De nacht was niet langer de opvolger van de dag voor mij, maar het dagdeel dat mijn geheimen met zich meedroeg. Geheimen die het daglicht niet verdragen kon, en daarom gehuld werden in een donkere sluier. Het waren geheimen die mijn bestaan definieerden, door mijn verleden gevormd waren en nu mijn toekomst zouden tekenen. Een toekomst die ik blind zou betreden, zonder aarzeling noch twijfel. Verbitterd, door het leven uitgelachen en niet langer meer ongeschonden. Gehavend zette ik door, sterker dan ooit tevoren, standvastiger in mijn doen. Op naar morgen, die mij nu nog onbekend was. Het gevreesde van gister de rug gekeerd, om onbevreesd de ochtend tegemoet te treden...
"Schiet verdomme eens op." Werd ik met een duw naar voren gecommandeerd. Ik had me inmiddels in de tweede set van kleding gehesen en wachtte tot het model voor mij de catwalk zou oplopen, waarna ik zou volgen. Het was een en al chaos hierachter. Modellen die op en af gingen, zich vliegensvlug uit en in kleding wurmden en weer met een strakke blik, ondanks de pijnlijk knellende hoge stelten, hun loopje volbrachten. We waren machines, voorgeprogrammeerde, gewillige menselijke robots die hun taak in stilte volbrachten. We werden geacht geen weerstand te bieden, geen kick te geven, en allemaal maar de bevelen van onze opdrachtgever op te volgen. De modellenwereld was hard, keihard. Als je niet op commando presteerde, werd je binnen enkele momenten ingewisseld voor een ander graatmager model dat te springen stond om jouw plek in te nemen. Het was de wildernis, overal lag het gevaar op de loer, en het was aan jou om je zelfstandig te redden.

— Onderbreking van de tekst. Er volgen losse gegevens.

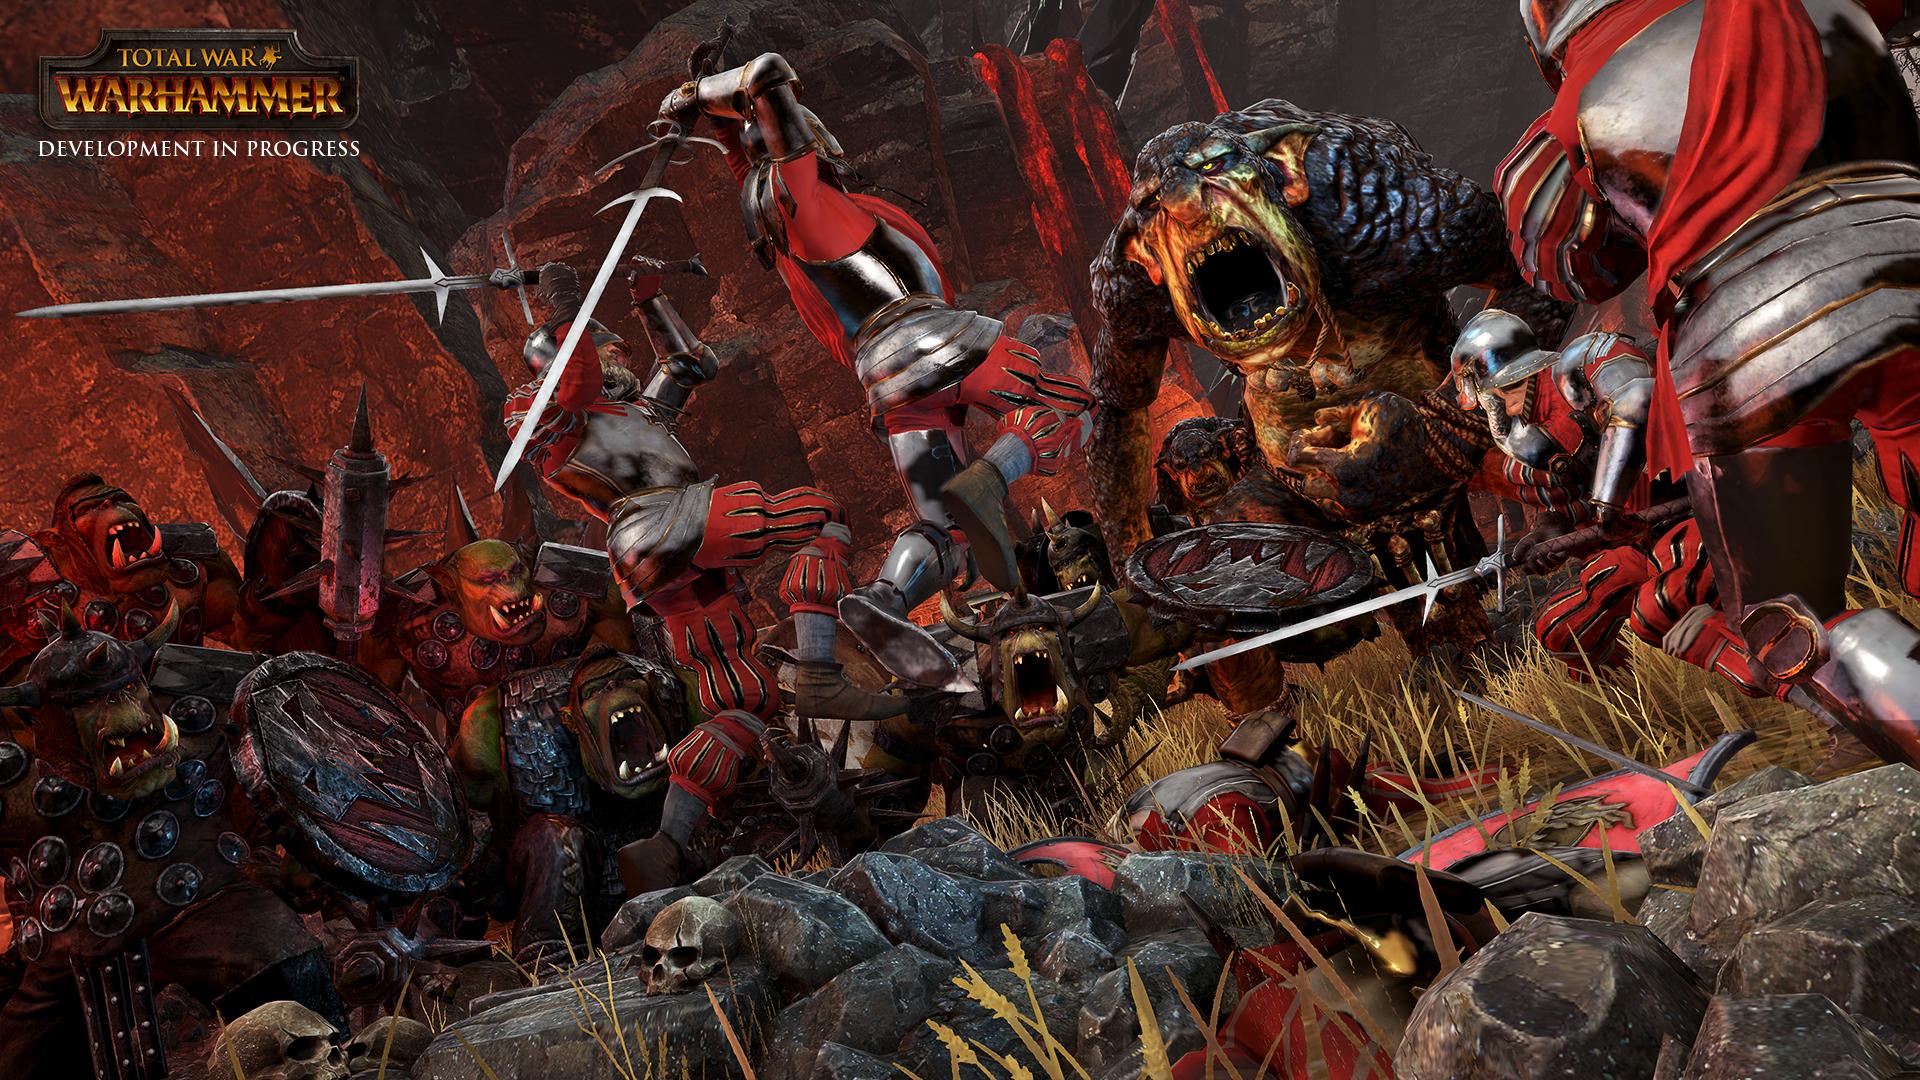 Total War Warhammer Wallpaper

Ik schudde mijn schouders los en liep de zoveelste catwalk van mijn leven op. Het licht, de muziek, het publiek, het was een tweede thuis voor mij geworden. Het was de invulling van mijn leven, al vijf jaar lang. Ik reisde de wereld rond, zag de mooiste plekken en ontmoette de meest belangrijke mensen. Mensen met aanzien, en dus logischerwijs ook macht. Eenieder van hen hield zich een masker voor, niemand was zichzelf in dat wereldje waar het ging om zien en vooral gezien worden. Het ging niet om inhoud, maar om verpakking. Hoe duurder de verpakking, des te meer men in smaak viel bij anderen. Deze anderen maakten door middel van hun oordeel, jou tot wie je bent. Ze konden je maken, maar vaker ook breken. Wie niet meeging in dit spelletje, viel uit de boot en zou nooit meer binnengehaald worden. Het was dan over en uit, meedogenloos hard. Wie het aangereikte keurslijf niet paste, zou zonder pardon afgedankt worden en niet in het ideale plaatje thuishoren. Het ideale plaatje dat geschept werd door een maakbare wereld, die de mensen in illusies deed wanen. Zolang maar genoeg mensen er deel vanuit maakten en hetzelfde gedachtengoed deelden, was het zo goed als de werkelijkheid. Een werkelijkheid waar geen mens werkelijk grip op had, maar ontzettend aantrekkelijk was. Het was een wereldje waar een hogere macht geen plek kreeg, maar de mens zelf boven alles en iedereen stond. Het was een wereld die ik jaren geleden voor het eerst uit noodzaak betreden had, en sindsdien niet meer uit los was geraakt. Het was mijn toevlucht geweest, afkomstig uit barre tijden en sobere gedachtes. Dit bedorven wereldje, was nu mijn wereld...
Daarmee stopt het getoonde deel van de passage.